The bars rank the variables (cytokines in our case) by improvement in loss attributed to splits using that feature averaged across the trees. Higher bars imply greater contribution or influence on the model’s splits. In our example, we can see TNF-A and IL-22 being the highest contribution to the model in classification.

Receiver Operating Characteristic (ROC) Curve and Area Under the Curve (AUC)

The ROC curve and AUC value is a great way to evaluate the model’s performance as the curve plots the true positive rate (sensitivity) against the false positive rate (1-specificity). The AUC value provides a single measure of a model’s ability to classify the groups being compared, with values closer to 1 indicating better performance.

In our example analysis, we achieved an AUC of 0.92 that would show that the model performed really well when classifying subjects with PreT2D vs. T2D based on the cytokines as predictors.

Below is a short animation on how to obtain the same result from the application:

To briefly describe the arguments:

  • Number of Rounds: the number of boosting iterations—each round adds a new tree to correct what the previous trees missed. If we have a lower learning rate, then we would need more rounds.
  • Learning Rate: scales down every tree’s contribution to keep boosting conservative (prevents overfitting). The range should be between 0–1. Lower rate =sturdier but slower training which should be paired with a larger number of rounds.
  • Maximum Depth: the deepest a tree is allowed to grow.
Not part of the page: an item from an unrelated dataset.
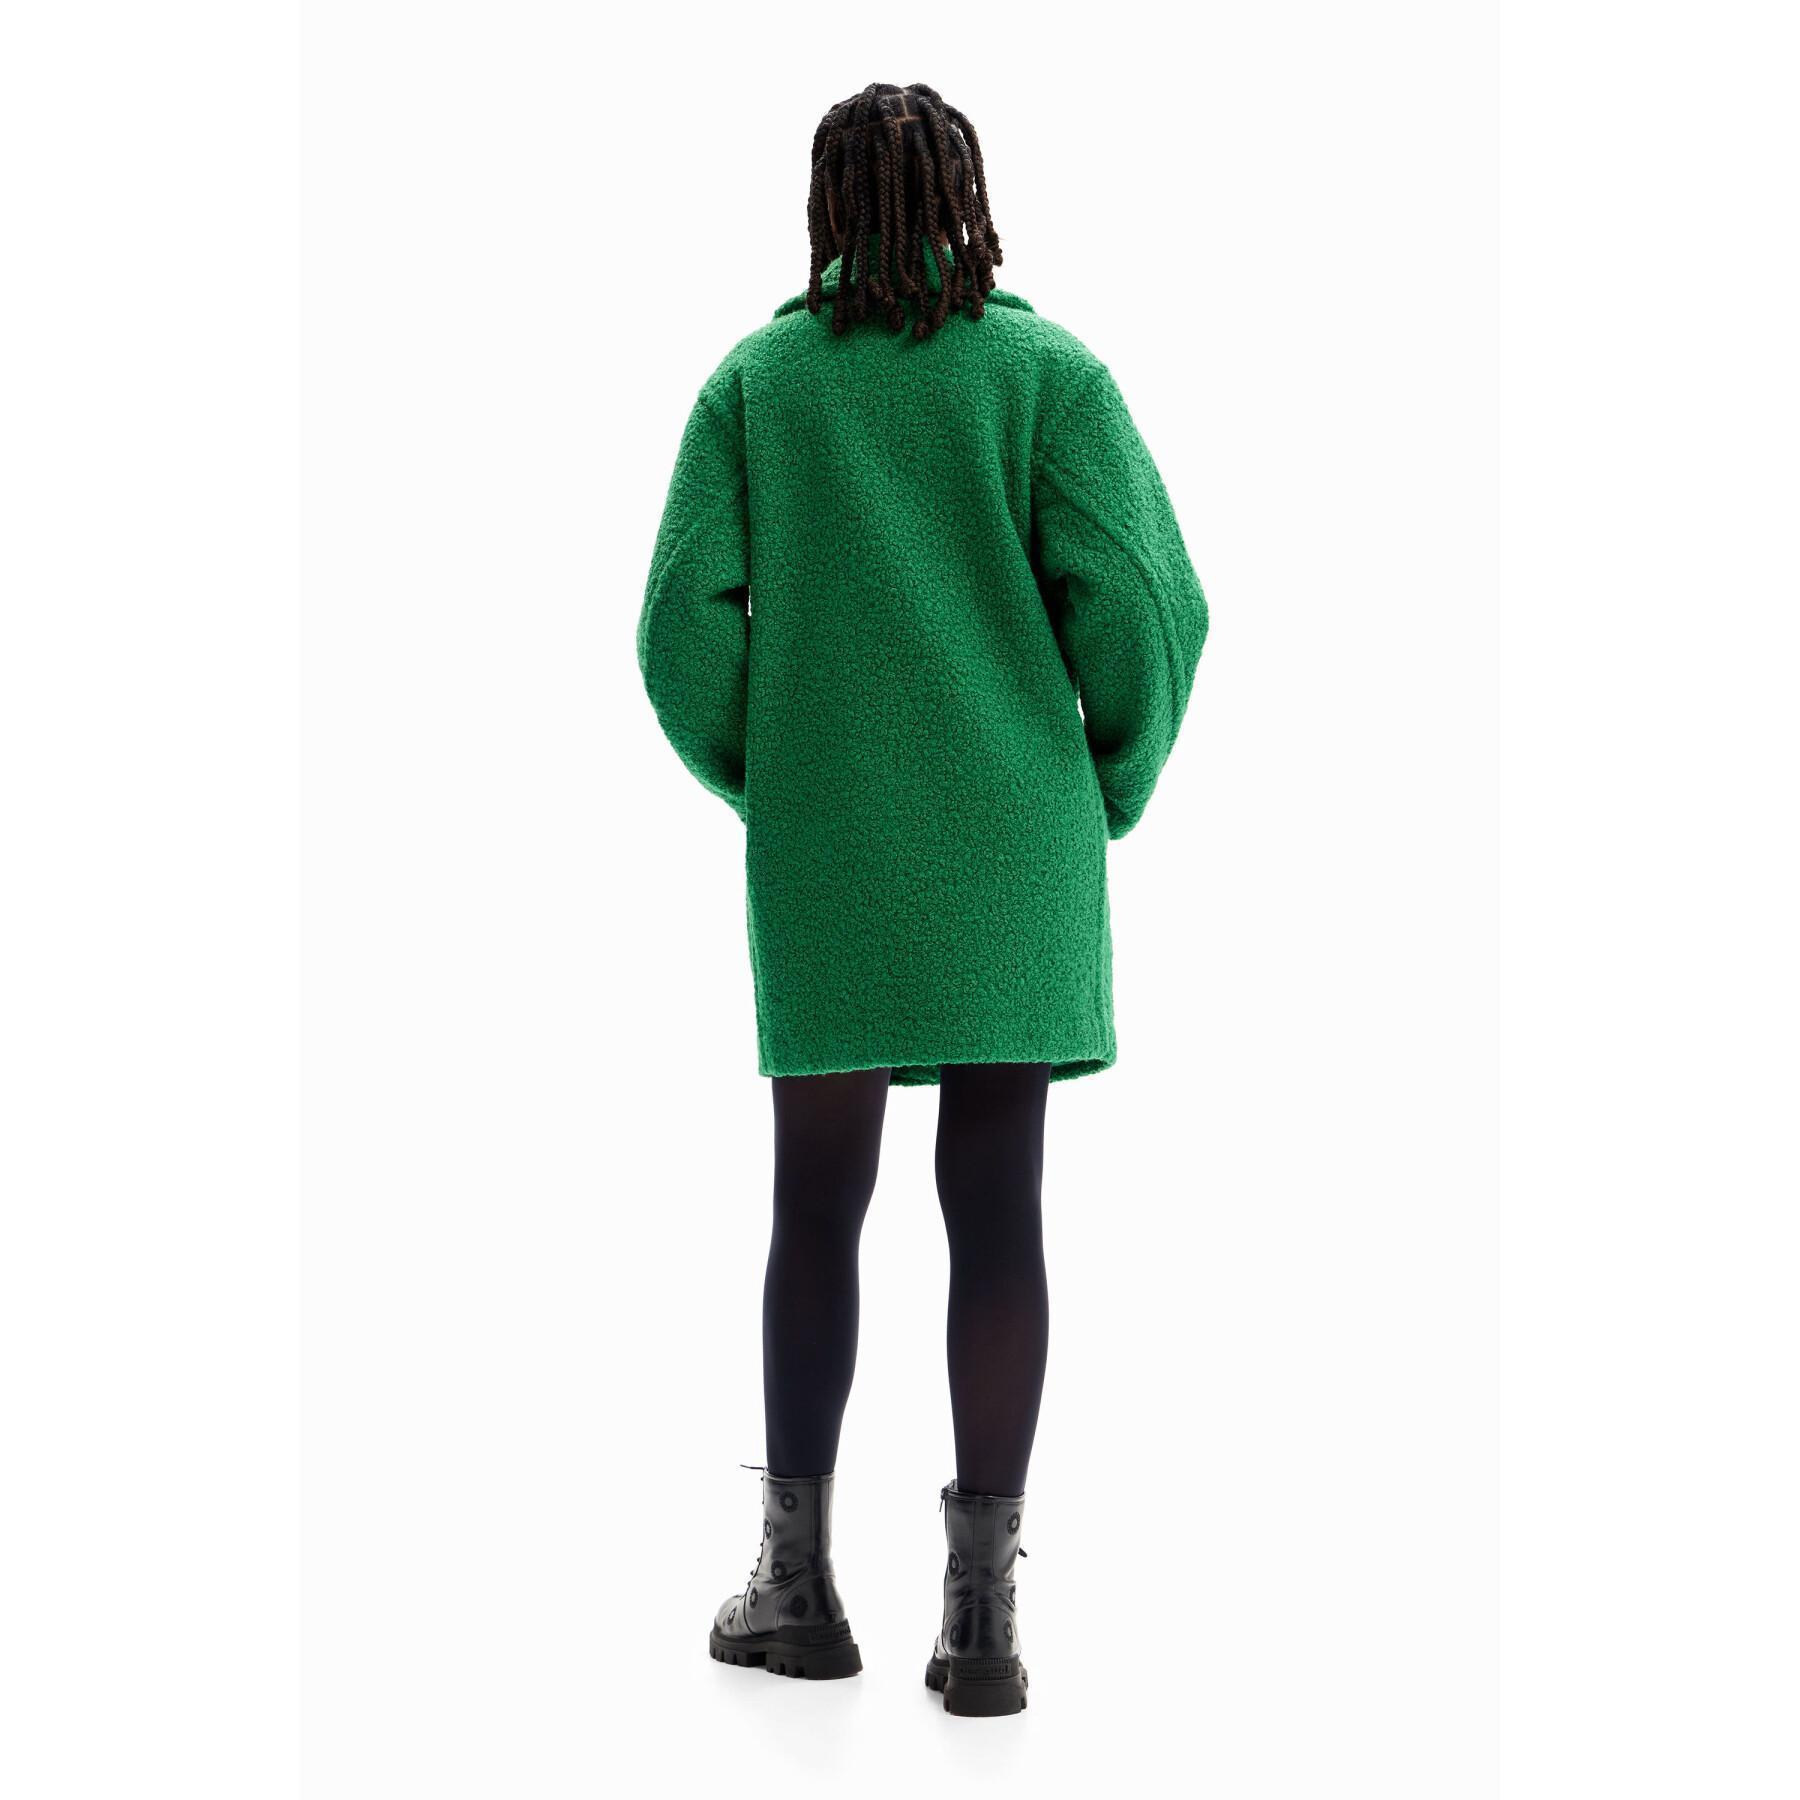 Women's coat Desigual London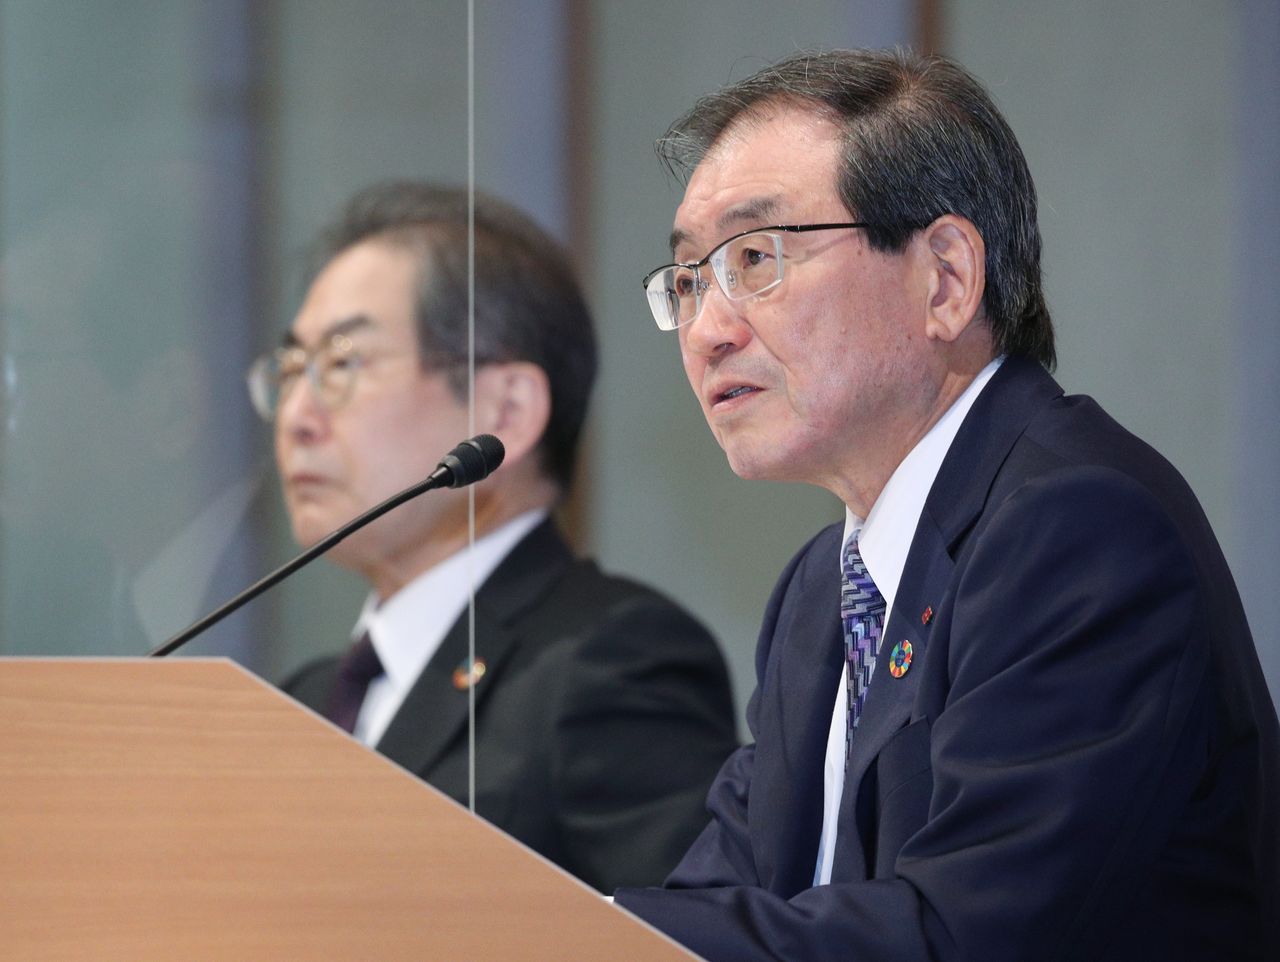 توكورا ماساكازو (في المقدمة)، والمقرر أن يكون الرئيس القادم لاتحاد الأعمال الياباني. التُقطت الصورة في طوكيو في العاشر من مايو/ آيار 2021، مع المدير العام لكيدانرين كوبوتا ماساكازو في الخلفية. جيجي برس.

Deeper trees fit more interactions but are more likely to overfit; shallow trees generalize better. Default number is set to 6 but can be adjusted for larger datasets or to obtain better performance results.
  • Evaluation Metric: evaluation metrics for validation data to determine how well the model is learning on new data.
    • mlogloss: this is used for ≥ 3 categories which provides a score where lower is better as it heavily penalizes the model for being “confidently wrong”.
    • auc: this is used more for binary comparisons or only 2 categories which provides a score where higher is better with 1.0 being perfect classification.
  • Train Fraction: how much data is used for training vs testing (e.g., 0.7 = 70% train / 30% test).
  • Cross-Validation + Number of Folds: K-fold CV to estimate generalization while you tune rounds/learning rate/ maximum depth.
  • Top Number of Features: only controls how many variables appear in the “Top Features by Gain” chart; it doesn’t change the fitted model. “Gain” = each feature’s fractional contribution to improving the loss across all its splits

Last updated: November 04, 2025